The latest accuser said he decided to come forward after reading about the other allegations in yesterday's Washington Post. He said Lavin sexually abused him on two weekend trips to Pennsylvania during the 1971-72 school year, when he was a 15-year-old student at Bishop McNamara High School in Forestville and Lavin was the school's chaplain.

Lavin, 58, did not return telephone calls or e-mail messages yesterday about the latest allegation. He said Thursday that he "absolutely, categorically" denied the earlier accusations and that, on the advice of friends, he would not comment further.

The third accuser spoke on condition of anonymity, saying he feared social ostracism if co-workers learned that he was sexually abused. He said he had not yet contacted police but gave his name and a brief report of the alleged abuse to Auxiliary Bishop Kevin J. Farrell yesterday afternoon and scheduled a face-to-face session with him for next week.

Susan Gibbs, a spokeswoman for the archdiocese, would not comment on whether another alleged victim had come forward. "We need to respect the confidentiality of those who approach us," she said.

The man, now 45, said that he described the alleged abuse several years ago to a lawyer, Larry D. Lamson of Prince Frederick, but that he had "no intentions whatsoever" of filing a lawsuit for damages from Lavin or the archdiocese.

In a telephone interview arranged by Lamson, the man said that during his high school years, he was active in the youth retreat program Encountering Christ Through Others, or ECHO, which Lavin founded. He said he "very much enjoyed the friendship" with Lavin until a retreat in Pennsylvania during the 1971-72 school year, when the priest "asked me to sit on his lap and tried to kiss me on the lips."

Although ECHO sessions often involved "a lot of male hugging," he said, he felt that Lavin had gone too far and began to feel uncomfortable being alone with the priest.
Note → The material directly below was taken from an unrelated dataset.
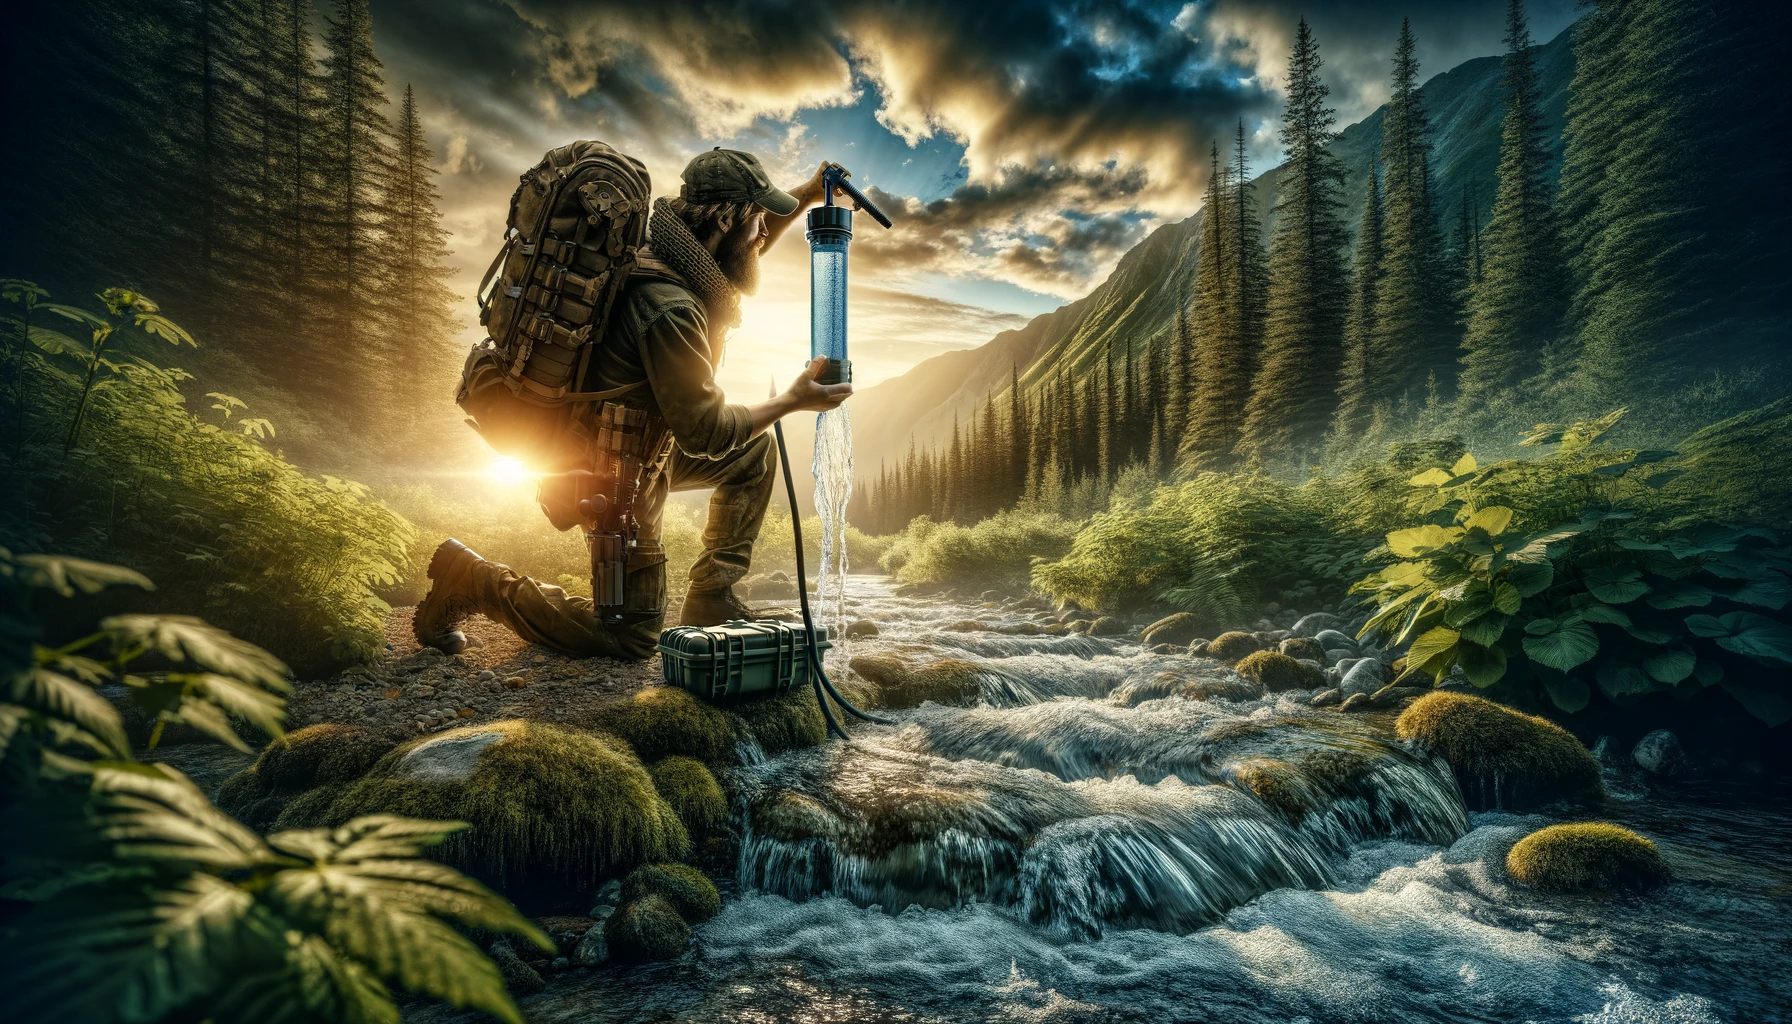 A rugged individual purifies water using a high-tech portable filter at a stream in a dense forest at sunset, highlighting the importance of water filtration for survival

Still, he said, the friendship continued, with Lavin sometimes taking him to a local bar.

"It wasn't uncommon for him to park down the street from my house, and I would sneak out the basement door and we'd drive up to the [bar] and drink beer and eat onion rings," he said. "I was only 15 or 16, but we would never be questioned, because he was in his collar."

The second, and more serious, incident of sexual abuse, he said, came during a weekend trip to Pennsylvania to paint a house that belonged to Lavin's mother. He said Lavin suggested that they share a bed. During the night, he said, the priest "reached around and put his hands around the front of my pants, into my pants."

He said he pretended to sleep through the abuse and feigned ignorance in the morning, when Lavin apologized.

"He said, 'In the middle of the night, I put my hand down your pants, and I'm sorry,' " the man said. "I took it as sincere, and even today, as a 45-year-old man looking back on it, I still think it was a sincere apology."

The man's account bears some similarities to allegations by Michael Mollish, 40, of Ellicott City, who says that he was abused by Lavin as an 8-year-old in 1970, and by George Kresslein, 45, of Annandale, who says he was abused by the priest in 1973, when he was a 16-year-old student at Bishop McNamara High School.

Both men accuse Lavin of befriending them and molesting them on road trips. But Kresslein said the alleged abuse took place in Lavin's grandmother's house -- not his mother's house -- in Pennsylvania.